# Rain Coats



## Taxi (Jan 18, 2010)

I was just about to take our evening walk with the boys when it started rain, so we are delaying the walk for a bit. Since we keep their hair a little longer they can get really wet & I do not always feel like dealing with it when we come in the house. We have tried a number of different rain coats but these our the best ones we have found so far. Easy to put on and nothing that hangs around thier legs. Thought someone may be interested...

Ruff Wear, Sun Shower - all-season waterproof rain jacket
Sun Shower? Rain Jacket for Dogs


----------



## Marian (Oct 20, 2009)

Here's the one I bought for Teddy. I like it because it's easy to get on and off with velcro straps at the neck and belly. I had one that he outgrew that had to be slipped over his head. He hated that one. 

Ruffluv - Products


----------



## Taxi (Jan 18, 2010)

Marian said:


> Here's the one I bought for Teddy. I like it because it's easy to get on and off with velcro straps at the neck and belly. I had one that he outgrew that had to be slipped over his head. He hated that one.
> 
> Ruffluv - Products


With Ruff Wear rain coats you do have to slide them over their head. I was surprise that they did not mind that, as you know a lot of dogs do not care for that. :wacko: In fact they love burying their head & face in the towel when we dry them off, that also surprised me.


----------



## Marian (Oct 20, 2009)

I just need to convince him to wear the booties I got him.

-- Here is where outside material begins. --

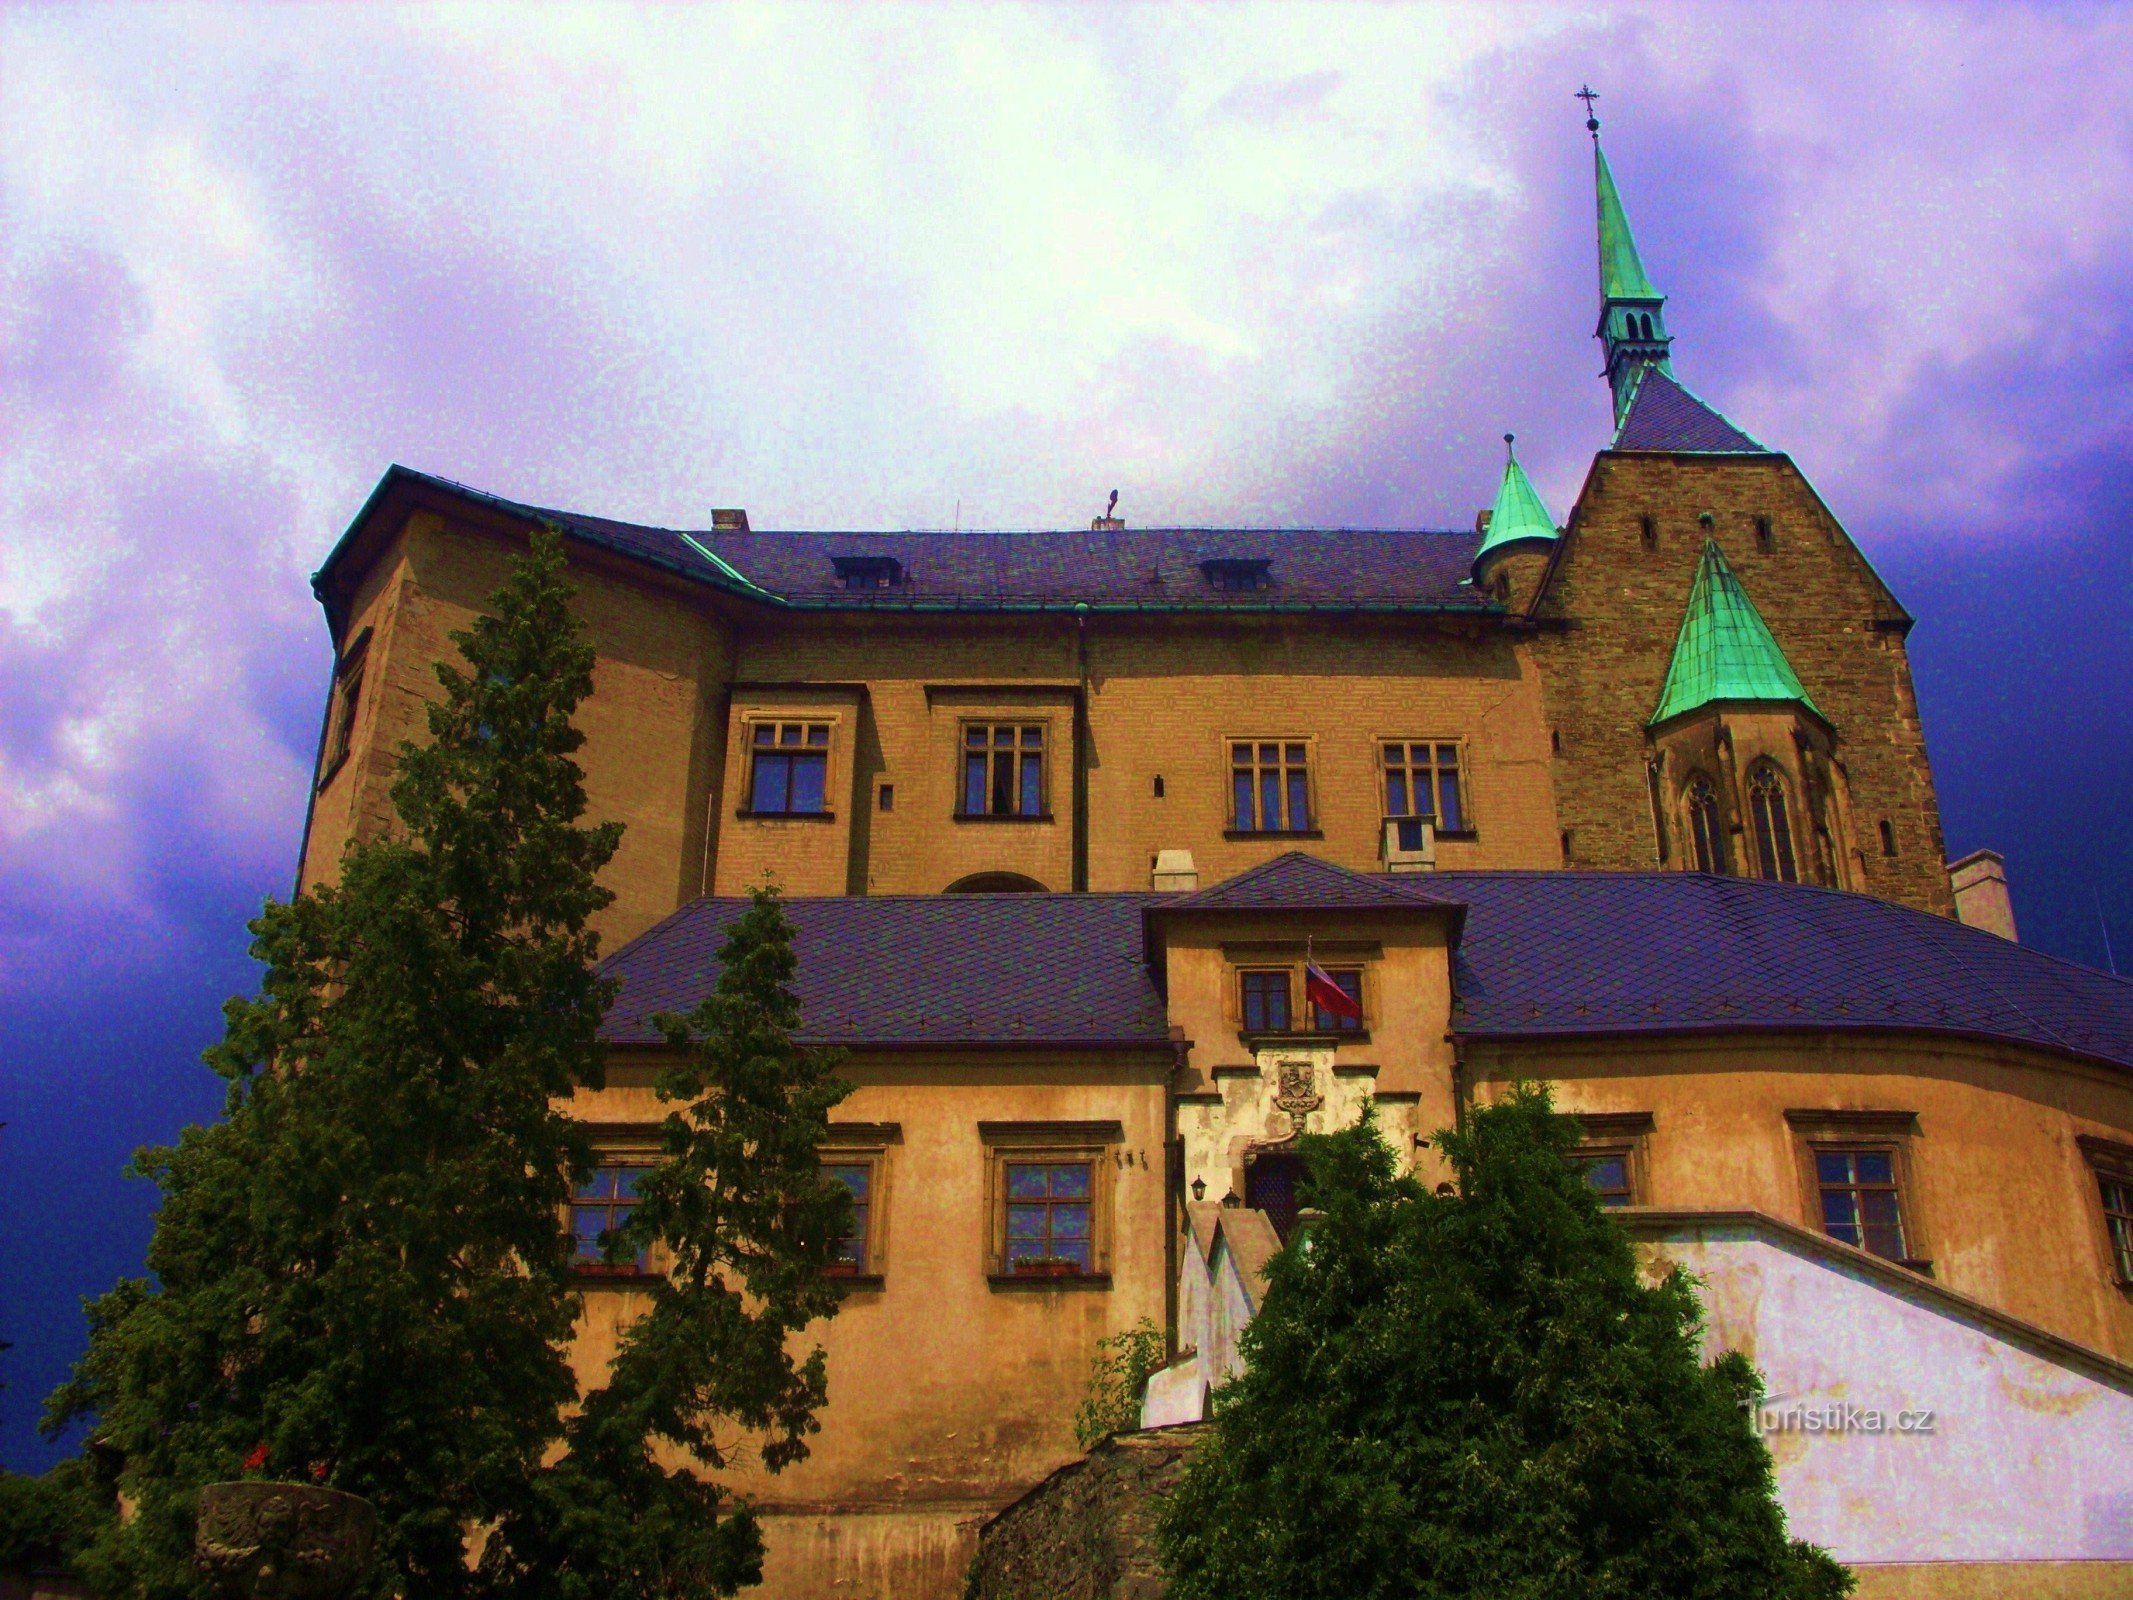 Stjärnan på kullen - Slottet Šternberk

He tiptoes when it's raining and it takes forever to get anywhere.


----------



## macker905 (Mar 21, 2010)

Hi
this place is located in Kitchener Ontario Canada though I am sure mail order would not be a problem. What I like about them is that they make a raincoat to order, they even show where to measure your dog and then the rain jacket will be custom made to his/her size.
I do not have my Standard Poodle yet but I will be ordering from them when he does arrive and finishes growing.
Hope this helps somebody out

http://www.kenbren-ltd.com/

ooops, sorry I can't believe I forgot to put the web address on the first time I posted this........


----------



## bigpoodleperson (Jul 14, 2009)

Hmm, thanks. I have often thought about getting a raincoat for Ry. I do Love ruffwear and all their products (and customer service is wonderful too!!).


----------



## Trillium (Sep 1, 2009)

I've sure thought about a rain coat or better yet boots though I'm not sure I could convince my girls to leave them on. I haven't done it yet. I think it sure would be practical though and a lot less messy.


----------



## Taxi (Jan 18, 2010)

Trillium said:


> I've sure thought about a rain coat or better yet boots though I'm not sure I could convince my girls to leave them on. I haven't done it yet. I think it sure would be practical though and a lot less messy.


If you want a good laugh try putting on boots on them. I bought some for rocky areas as I was concern about their pads. They would lift there feet very high as if they had gum stuck to their feet. They did get use to them but I never really used them. As far as wet ground, they do not mind it at all... we just use a towel to dry their feet.


----------



## Marian (Oct 20, 2009)

It's funny to me that walking on snow doesn't bother Ted in the least, but he hates wet pavement for some reason. He doesn't like doing his business in the rain and will hold it all day if necessary. This puppy's bladder is a thing of wonder.


----------



## Jessie's Mom (Mar 23, 2010)

i bought one for jessie, too. it's pink. ok, stop laughing. if i find the manufacturer i will pass it on. it is simple to use, velcros under her chest and across the front of her shoulders. i bought her size 42 (or 44 ??) so that i was long enough to cover right passed her backside. does the job and i paid only $42 for it.


----------